I got as much of the liquid out as I could.  I'm still trying various ways for that.

At that point I transferred the butter to my silicon muffin cups.  It took 2 of them and each muffin cup holds about a 1/2 cup if it is filled and level.

For now the butter is sitting in my fridge.  When it is hard I will transfer most of it to freezer bags and freeze it for future use.

Once everything was through to the muffin cup stage I went through the same process with the next quart jar.

Btw, the jars were only 1/2 full once I divided the cream.  The contents need room to expand through this process.

I'll just have to see where things go from here.


----------



## frustratedearthmother (Jun 7, 2016)

I didn't see your original post - wouldn't have been able to give you a good answer anyway!  But, I'm really glad I found this one.  Thanks for doing the experimenting - sounds like it worked out pretty well.


----------



## Hens and Roos (Jun 7, 2016)

Interesting process, we tried making butter last year.  We drained off the liquid and then washed the butter with cold water to help solidify the butter.

We noticed that we had to use the butter pretty quick to keep it from going bad.


----------



## ldawntaylor (Jun 7, 2016)

frustratedearthmother, that was the basic process from last spring and summer.  I'm just hoping to get away from using the whipping cream that I bought this time.  Don't get me wrong, I like the results.  I just wanted to try only goat cream.

Hens and Roos, that's one reason I freeze most of what I make.  I didn't have to buy store butter all last year from what I made last summer.

I rinsed in cold water too, I forgot to list that step.  But, I found that I would get more liquid out as I pressed the butter into the muffin cups.  From what I've read - the more liquid, the faster it spoils.

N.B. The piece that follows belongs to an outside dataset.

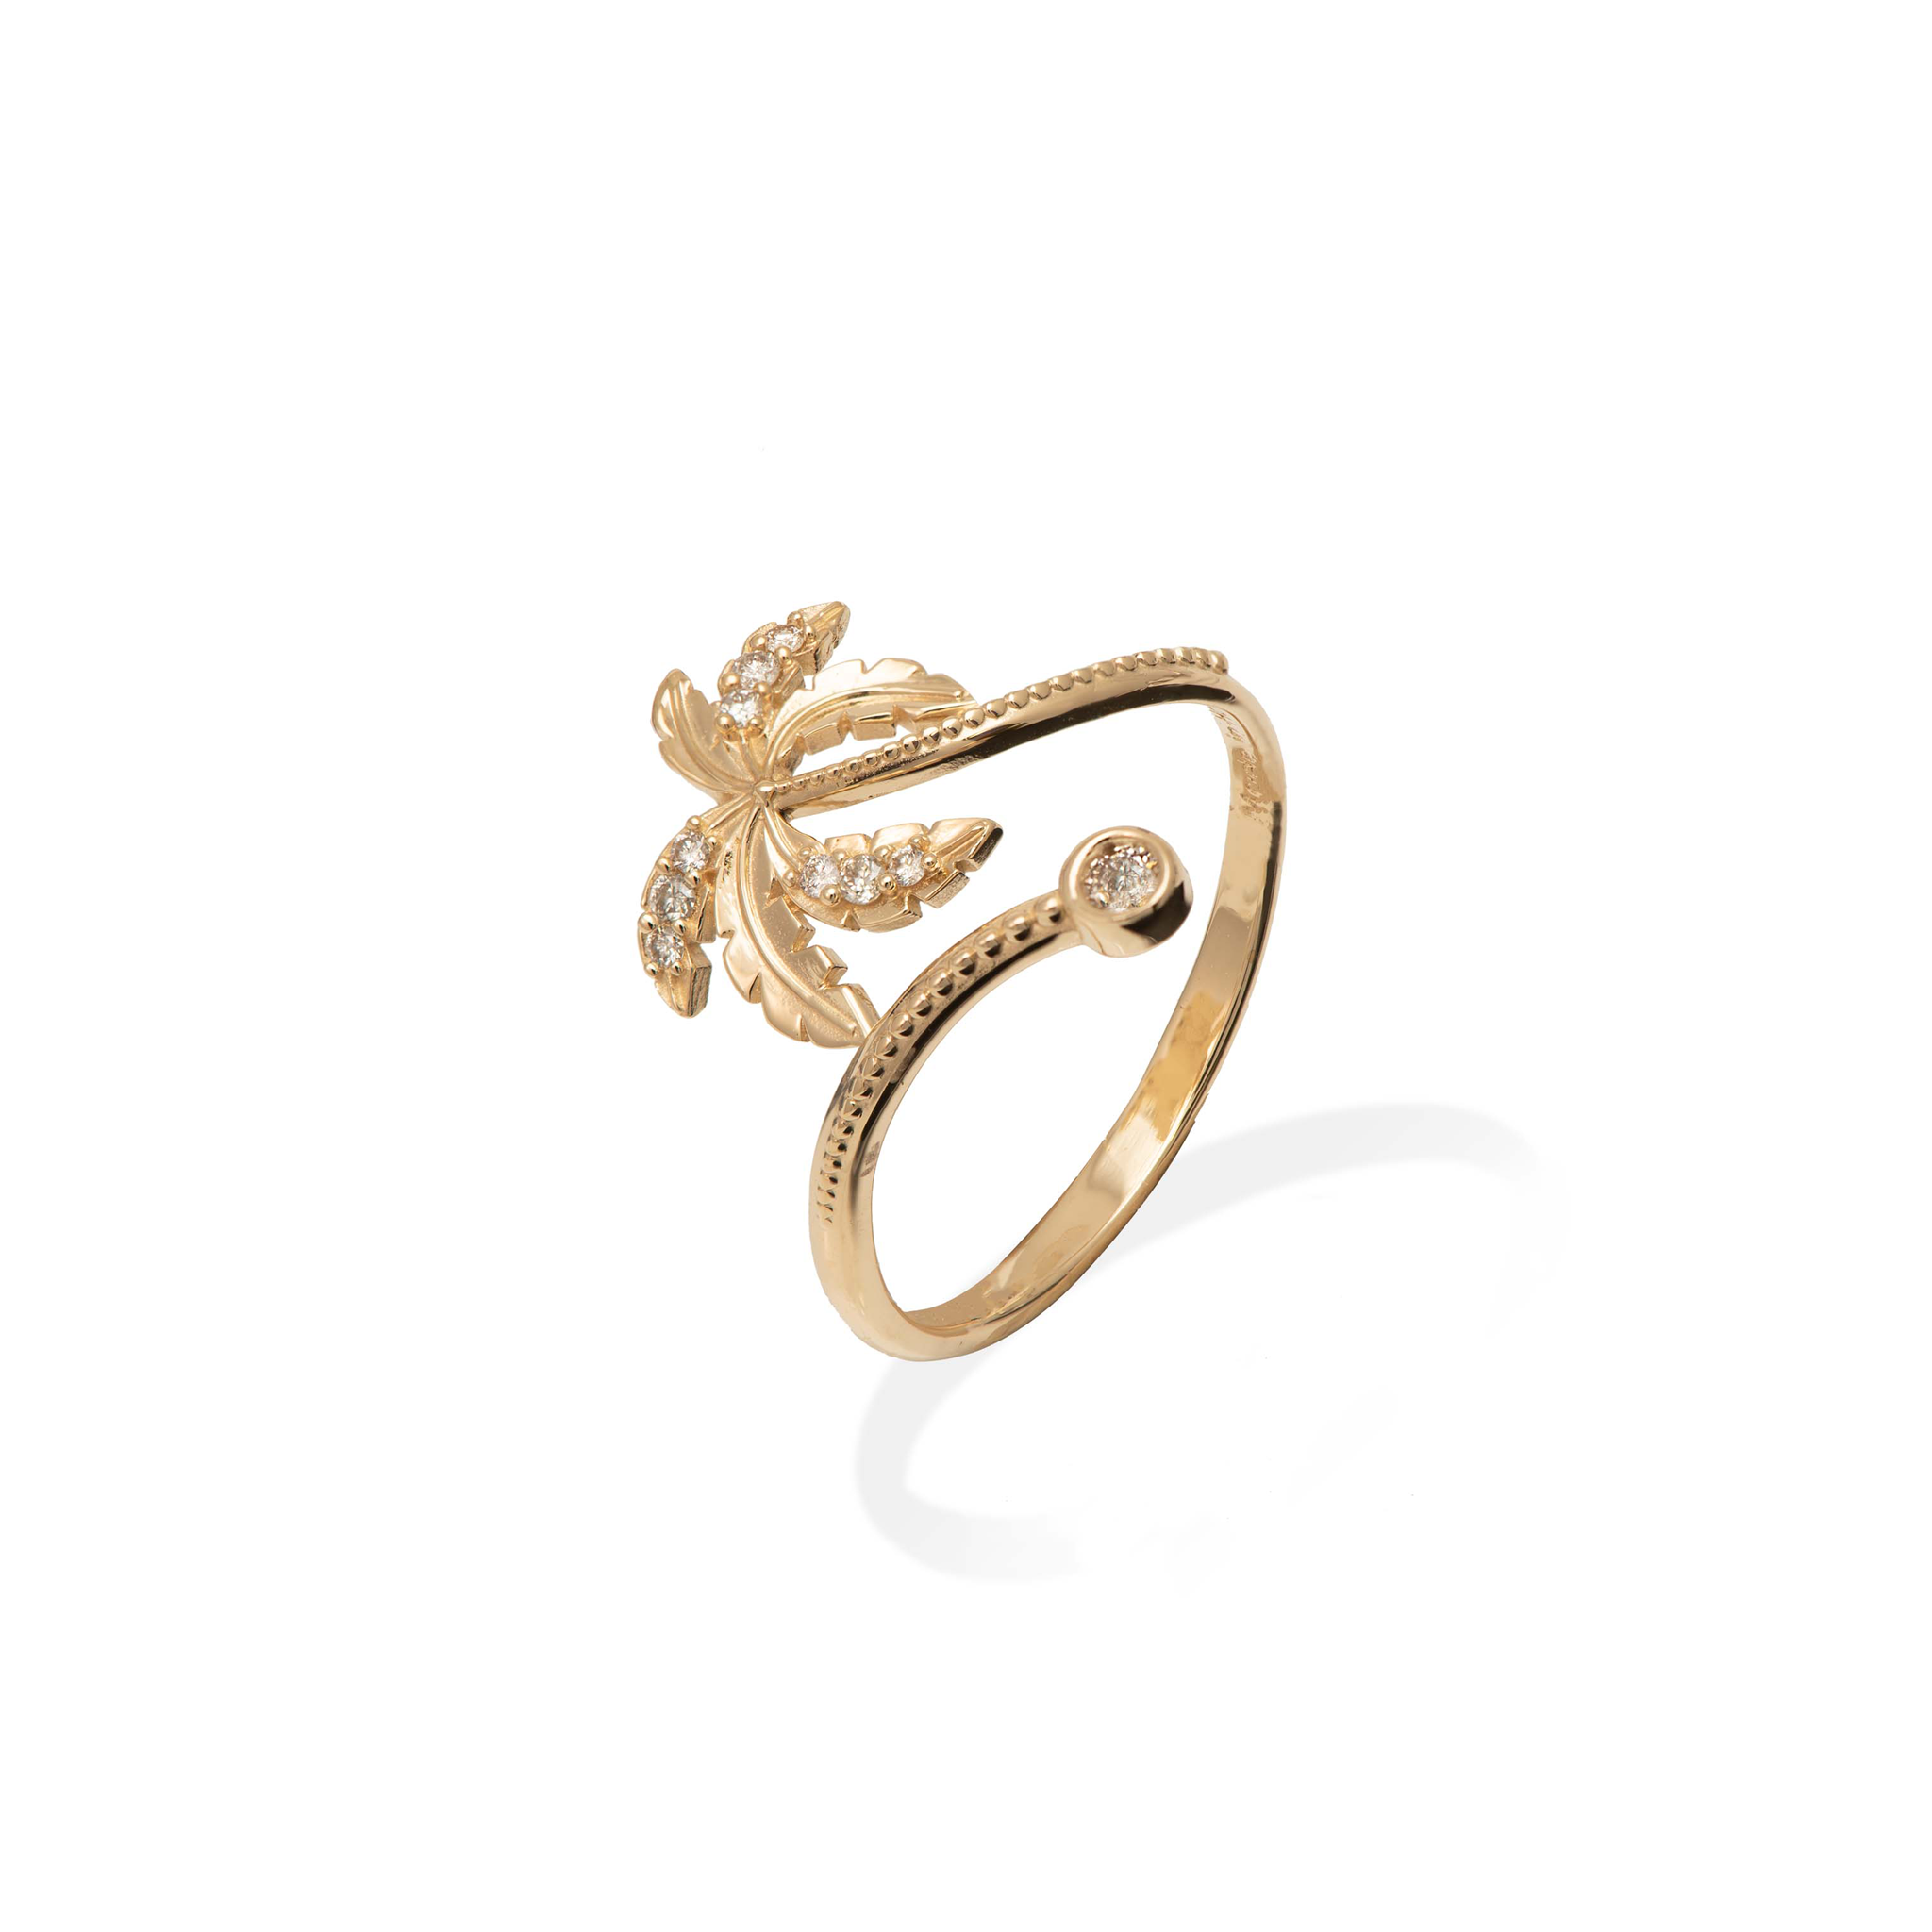 Paradise Palms - Palm Tree Ring in Gold with Diamonds - 18mm

As for the process, it is a variation of using a mixer like a co-worker does.  I just don't have bowl style mixer anymore and my hand mixers just don't give me a result I like.  Something about the end texture....  My elbow keeps me from being able to use my actual churn as well as the "just shake the jar" process.  So, I combined the processes to see what happens.

Since I don't have any more cream now the experimenting will start.  I plan to collect the cream like I did but freeze the cream in a jar after it is collected for the first pint.  The second pint I will collect and leave in the fridge each day (unless that takes longer than a week).  When I have two pints I will thaw the frozen cream and follow last summer's process.

I'll just have to see if it will work.

It will be interesting to see what the results are.


----------



## Hens and Roos (Jun 7, 2016)

Keep us posted, we haven't taken the cream off this year yet- just too much going on right now.


----------



## babsbag (Jun 7, 2016)

That's interesting since the butter in the grocery store lasts forever, even on the counter I have never had a stick of butter go bad. Now you have me wondering how they do that.


----------



## Latestarter (Jun 8, 2016)

I was thinking the same thing... I don't even refrigerate my butter once it's opened for use... Even the flies don't bother it (though I do keep it in a covered container).


----------



## OneFineAcre (Jun 8, 2016)

Because it's pasteurized.


----------



## ldawntaylor (Jun 8, 2016)

I'm sure pasteurization has a lot to do with it.  But so does the amount of liquid still in the finished product.

Last year I noticed that when I was pressing the butter into my muffin cup molds...if I took the time to start again when a layer of buttermilk showed up then the end result is smoother and more like what is found in the stores.  If I don't take that time to start the pressing again the end product is more crumbly and goes bad faster.

If I'm remembering correctly butter that goes bad is referred to as going rancid.

I'm afraid I tend to read a lot about what I want to do before I try it.


----------



## ldawntaylor (Jun 30, 2016)

One more batch of butter to make and then I will have to switch to using cream from the store if I'm going on with this project.

As mentioned in another thread - a variation anyway - I am letting my does feed their babies and then dry off.  Between the hot weather and my schedule I'm just not getting much milk at all.

Since, the cream has been frozen I will still get to see what the results are like.  And with being frozen I can wait a few days to work with it.


----------



## Finnie (May 29, 2017)

Hello, I found your butter experiment very interesting. Do you have any update on it?


----------



## ldawntaylor (Apr 28, 2018)

I don't have an update on that project.  I haven't had the goat milk and cream available.

 I lost my buck in November 2016.  Only one of the kids survived.

One of my does has started lactating again but I am only getting a cup or so of milk a day.  That really isn't enough for me to do anything with.


----------